Pascal Salin démontre que la dépréciation d’une monnaie est “d’autant plus importante que sa croissance monétaire est plus élevée par rapport à celle du reste du monde (…)”. Employée concomitamment à une dévaluation, la politique monétaire expansionniste finance artificiellement la dette de l’État, ce que Pascal Salin considère comme « un impôt caché ».

Les dérives potentielles inhérentes aux carences des systèmes monétaires modernes

Pascal Salin montre également très bien que les risques systémiques sont le reflet de l’interventionnisme politique en matière monétaire auquel s’ajoutent “les caractéristiques spécifiques des systèmes monétaires modernes”. L’auteur met en avant le caractère “public et national des systèmes monétaires modernes” et dénonce “des dérives potentielles”. D’une part, l’auteur invite à reconsidérer le rôle de “prêteur en dernier ressort” nouvellement imputé aux banques centrales.
Cela incite “à des comportements irresponsables (…)” et contribue à l’instabilité monétaire. D’autre part, malgré l’adjonction du principe d’indépendance des banques centrales, offrant de prime abord l’impossibilité d’une relation entre “déficit public et création monétaire”, Pascal Salin préfère la mise en place d’une limitation du pouvoir discrétionnaire d’émission monétaire car l’indépendance théorique de la banque centrale peut être contournée par “des pressions politiques et pressions de l’opinion publique”.
L’auteur souligne que “l’un des drames du XXème siècle vient de ce que l’on est passé d’un monde de fonds propres à un monde de fonds empruntés”. Les bulles financières ou les bulles immobilières sont la résultante d’une politique de taux d’intérêt très bas incitant “les emprunteurs à emprunter davantage pour acheter des actifs financiers ou pour acheter des logements”. De même, les gouvernants sont responsables en ce qu’ils sont “tentés de créer l’apparence du crédit facile et de la relance de l’activité ».

Le souhait d’une décentralisation monétaire à l’heure de l’Internet

Dans Les Systèmes monétaires, Pascal Salin revient également sur la création de la monnaie unique.
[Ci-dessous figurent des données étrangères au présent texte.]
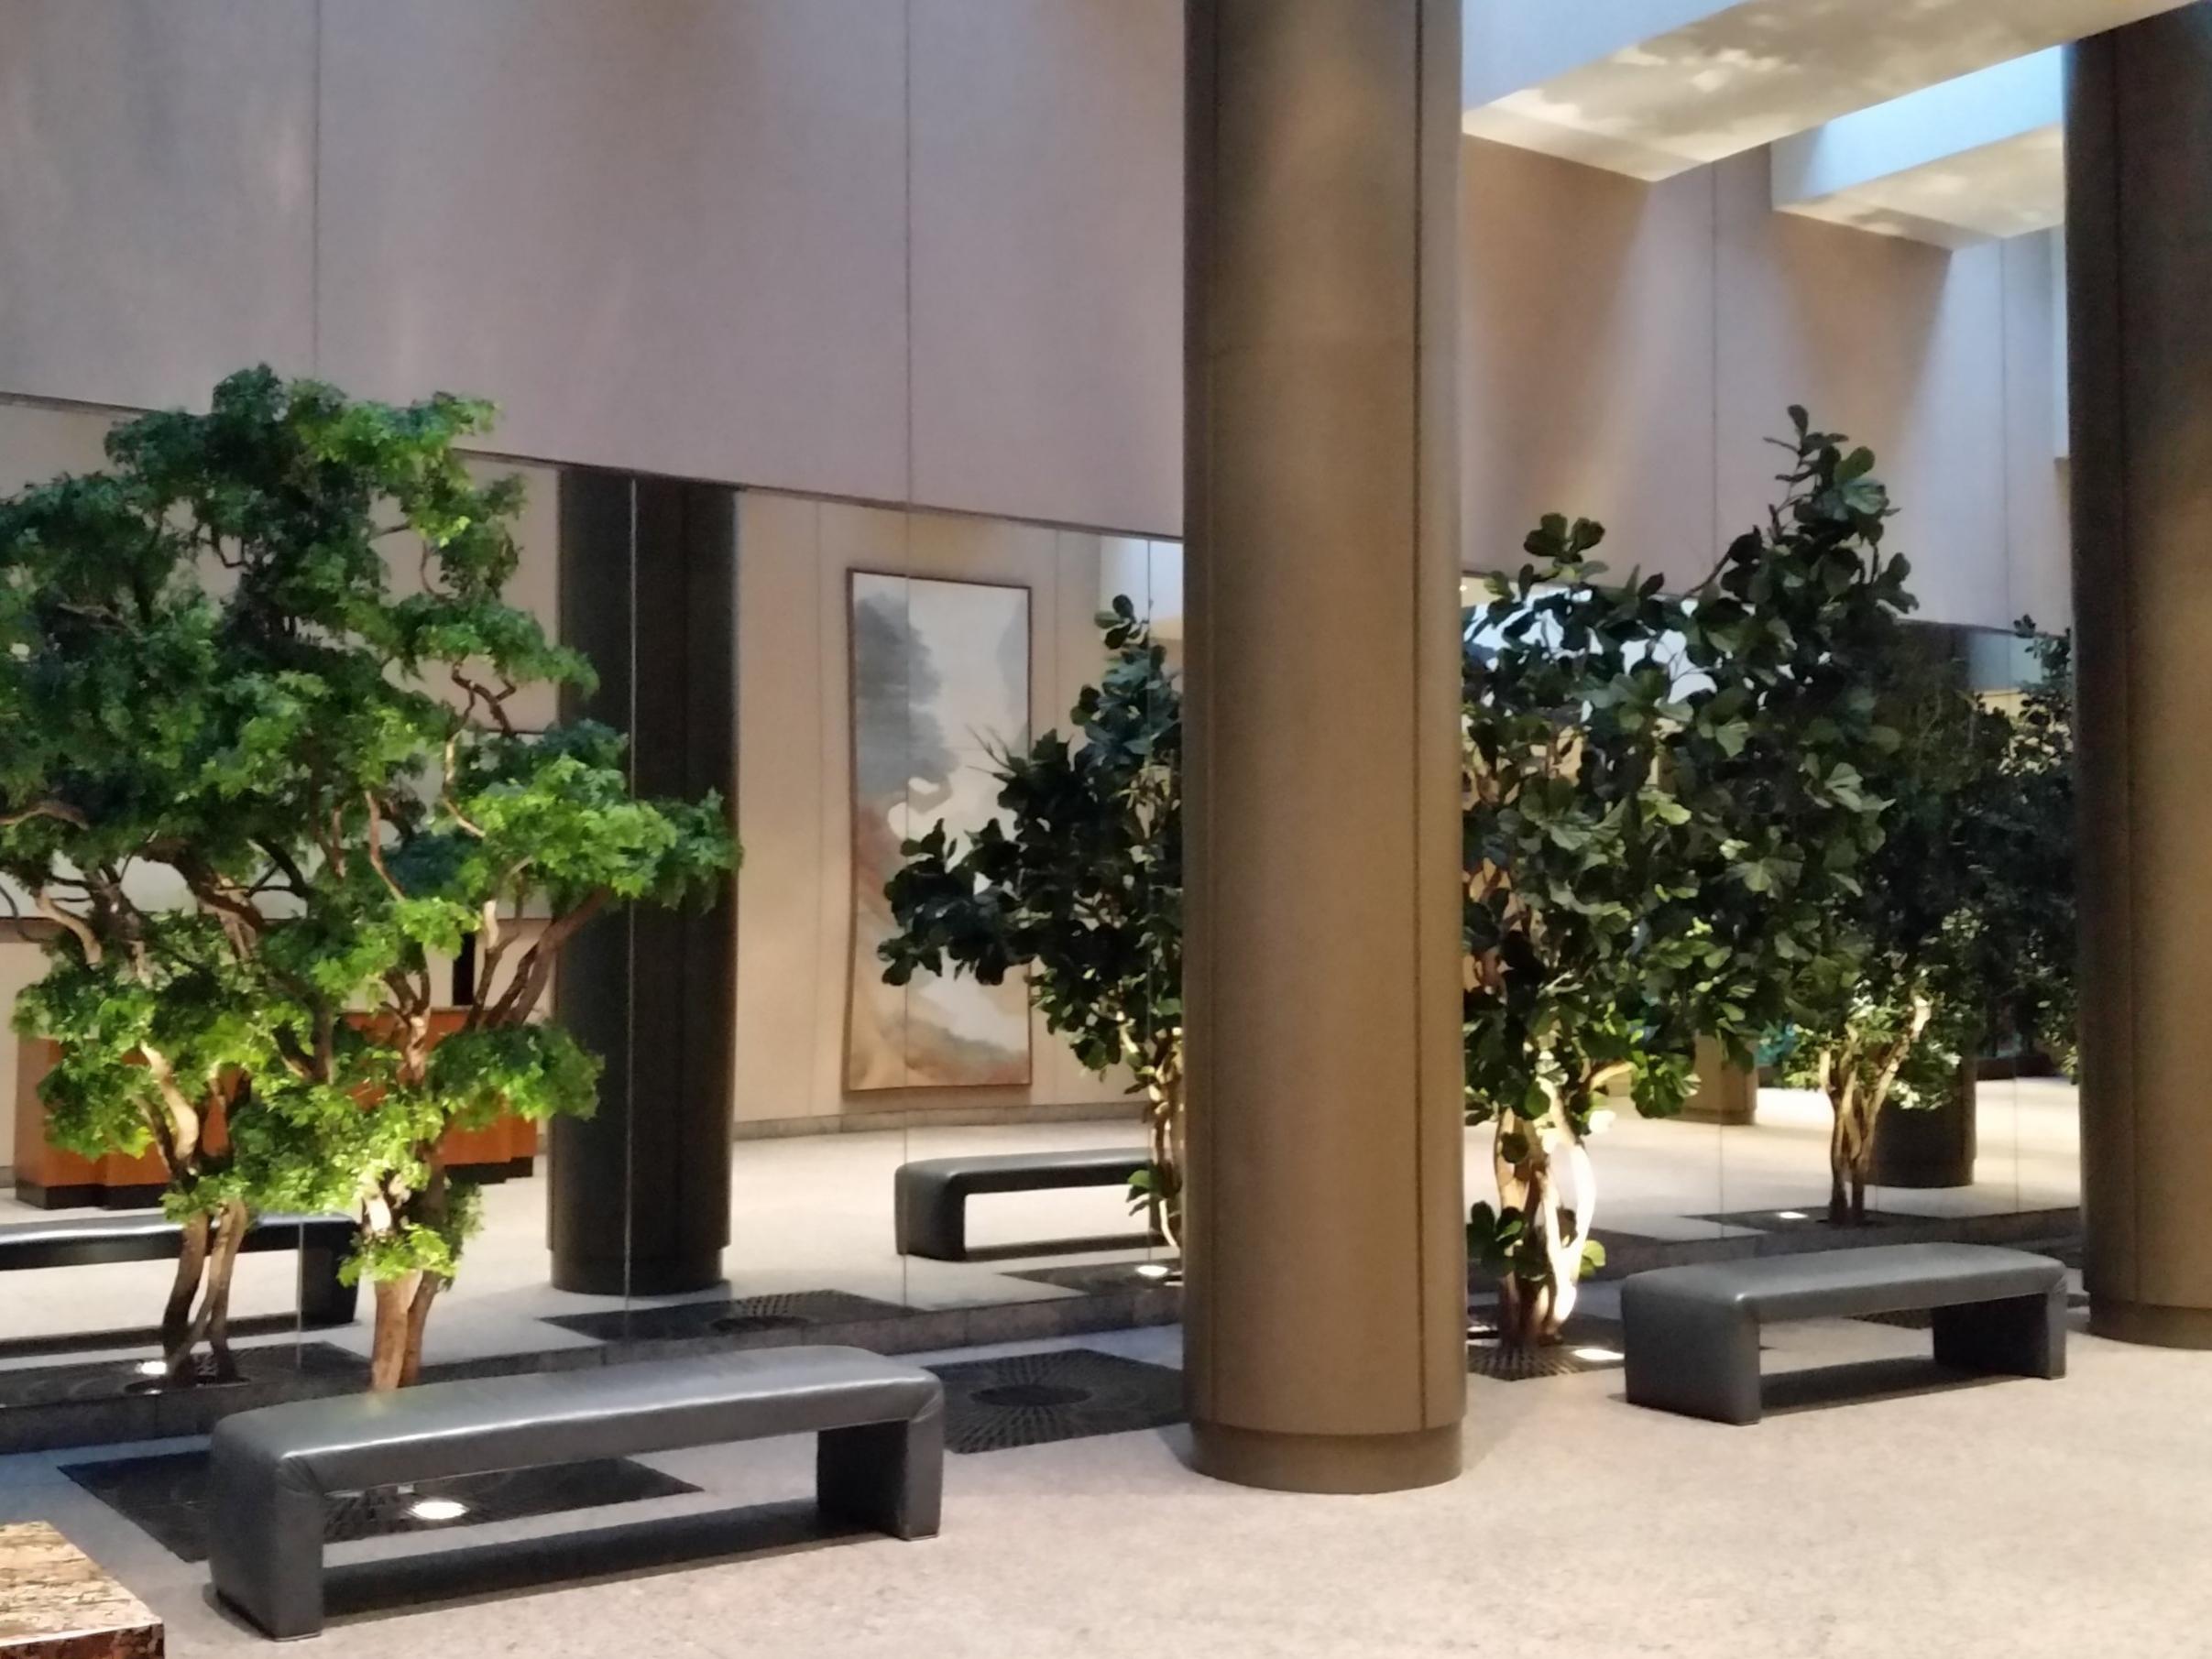 Colonnade Atrium lobby 57th st. NYC

Revenant sur la perspective de l’utilité et de la valeur pratique d’une monnaie, Pascal Salin identifie l’euro comme “le reflet du nationalisme monétaire”. L’auteur reproche le cloisonnement institutionnel et le monopole de production de l’euro par la BCE. Ainsi, Pascal Salin est favorable à “un système de monnaies concurrentielles” dans lequel “chaque producteur est incité à proposer une bonne monnaie”. Par conséquent, il formule le souhait d’une “décentralisation du système monétaire européen”.
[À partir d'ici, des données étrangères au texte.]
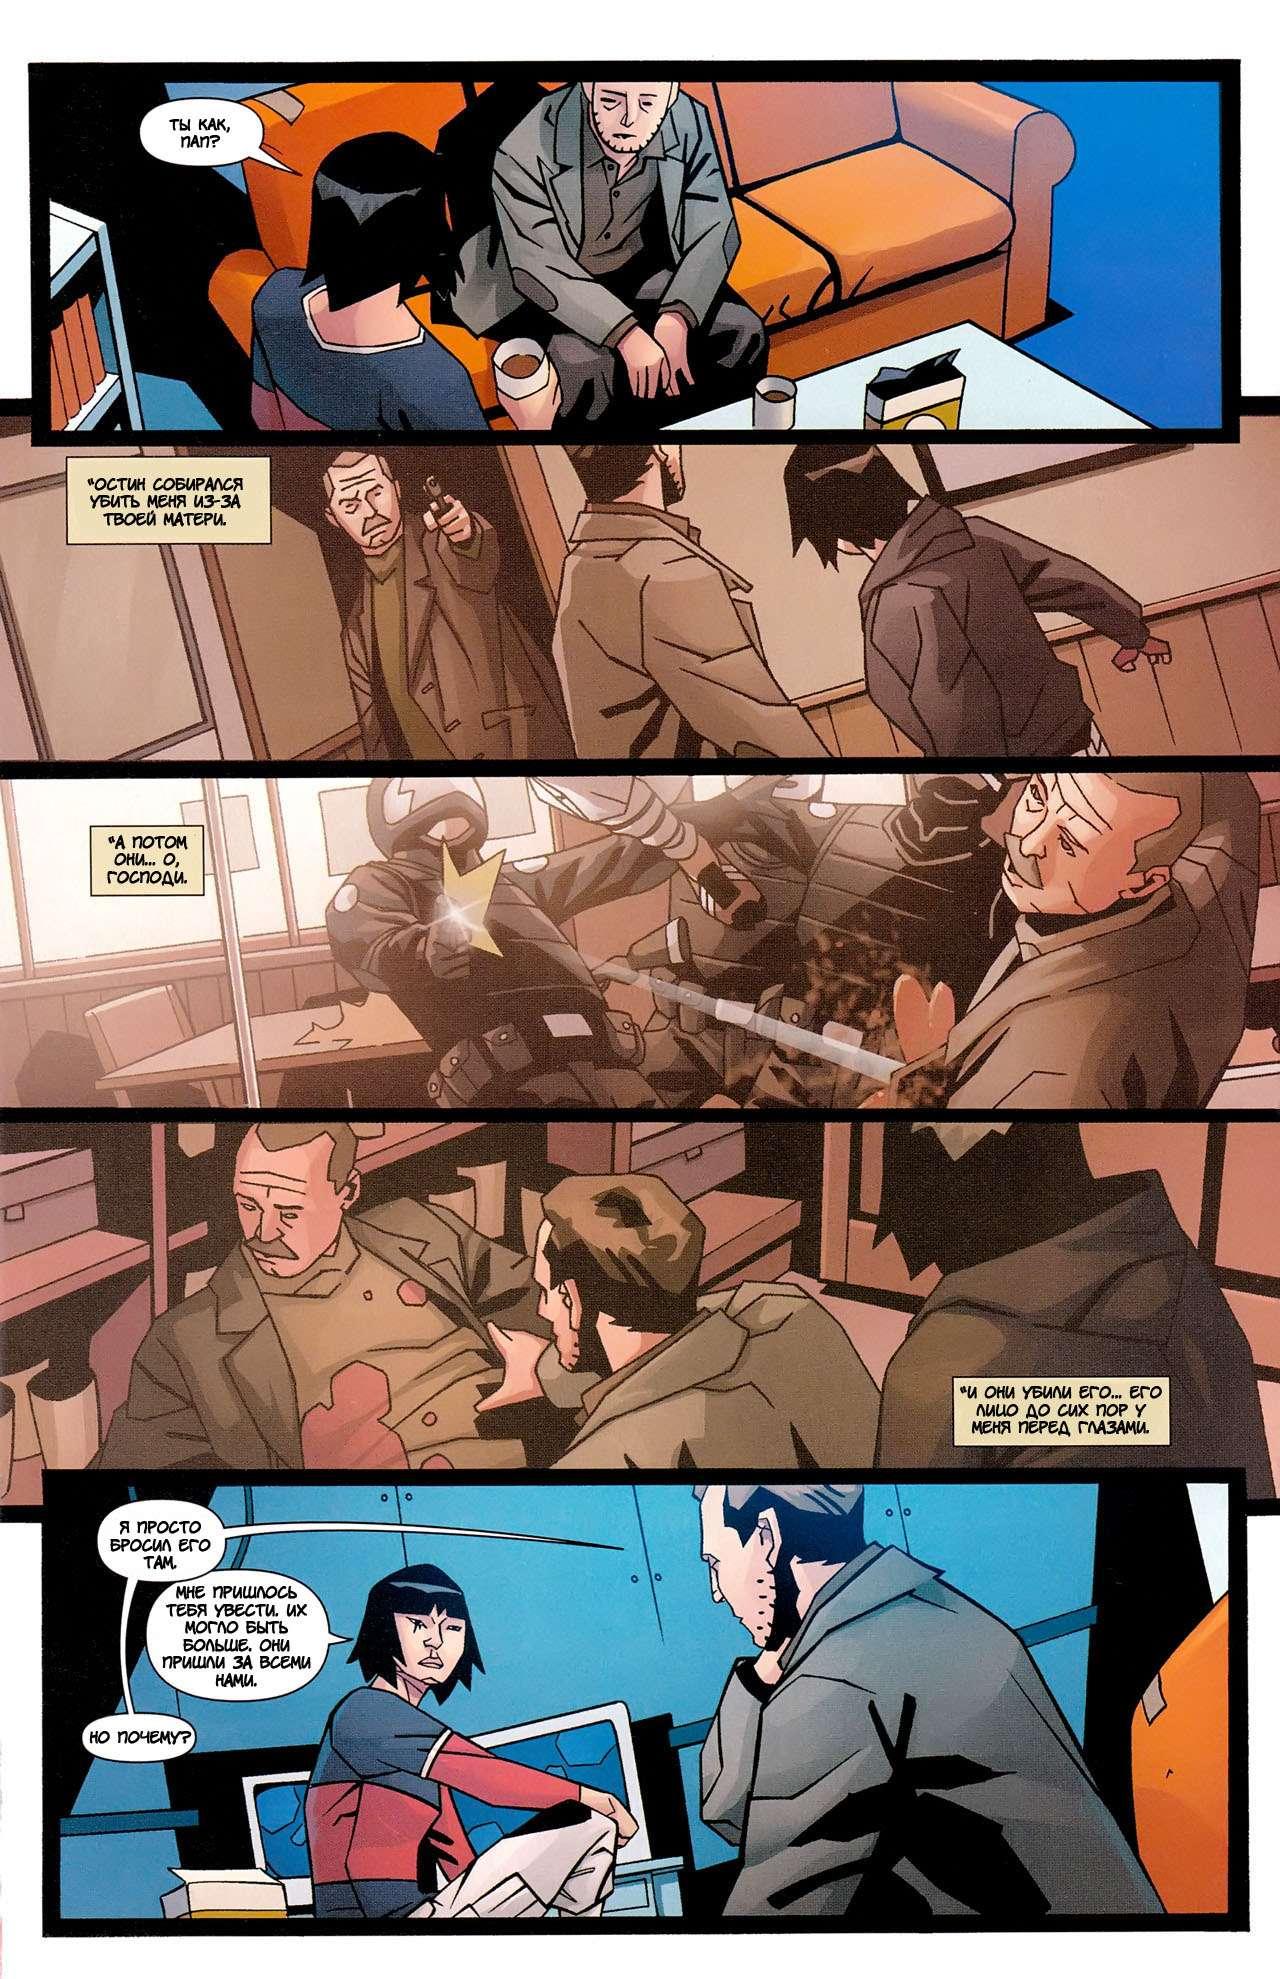 mirrors-edge-05-pg-09

Prolongeant sa réflexion, il s’intéresse également aux nouvelles mutations économiques. L’Internet bouscule à la fois la définition, les modes de production et le rôle de la monnaie. Pascal Salin constate que l’Internet conduit à une “désétatisation de la monnaie et à la disparition de toutes les réglementations (…)”. L’invention de nouvelles monnaies, à l’instar du bitcoin, met en place un processus concurrentiel entre “monnaies privées et a-nationales”.
Néanmoins, l’auteur insiste sur la qualité d’utilité relative que doit revêtir une monnaie pour subsister face à la concurrence. La perspective est celle d’une désétatisation de la monnaie et la disparition à terme de la politique monétaire.
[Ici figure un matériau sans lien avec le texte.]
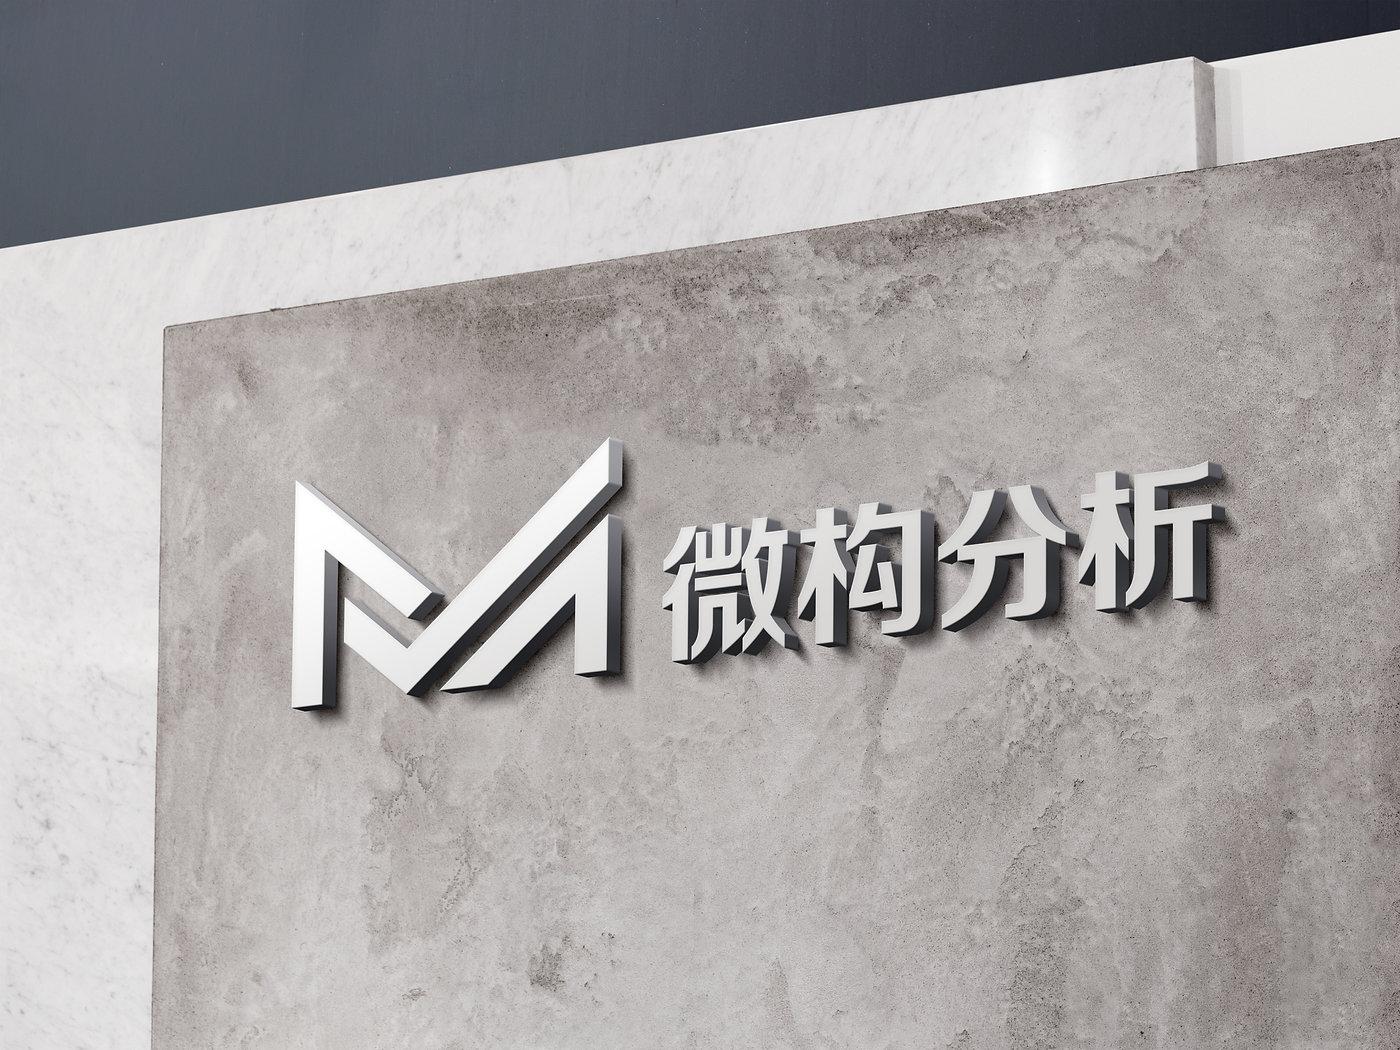 logo wall.jpg

En conclusion, la politique monétaire se constitue pour Pascal Salin comme « une modalité spécifique d’interventionnisme étatique ». Dès lors, la critique de l’auteur ne porte pas tant sur « la nature même des systèmes monétaires », mais sur l’existence de mécanismes régulateurs qui « en réalité déstabilisent» les systèmes monétaires. L’ouvrage de Pascal Salin apporte des éléments substantiels à l’analyse des systèmes monétaires modernes. L’effort didactique est à saluer eu égard à la complexité des thèmes abordés.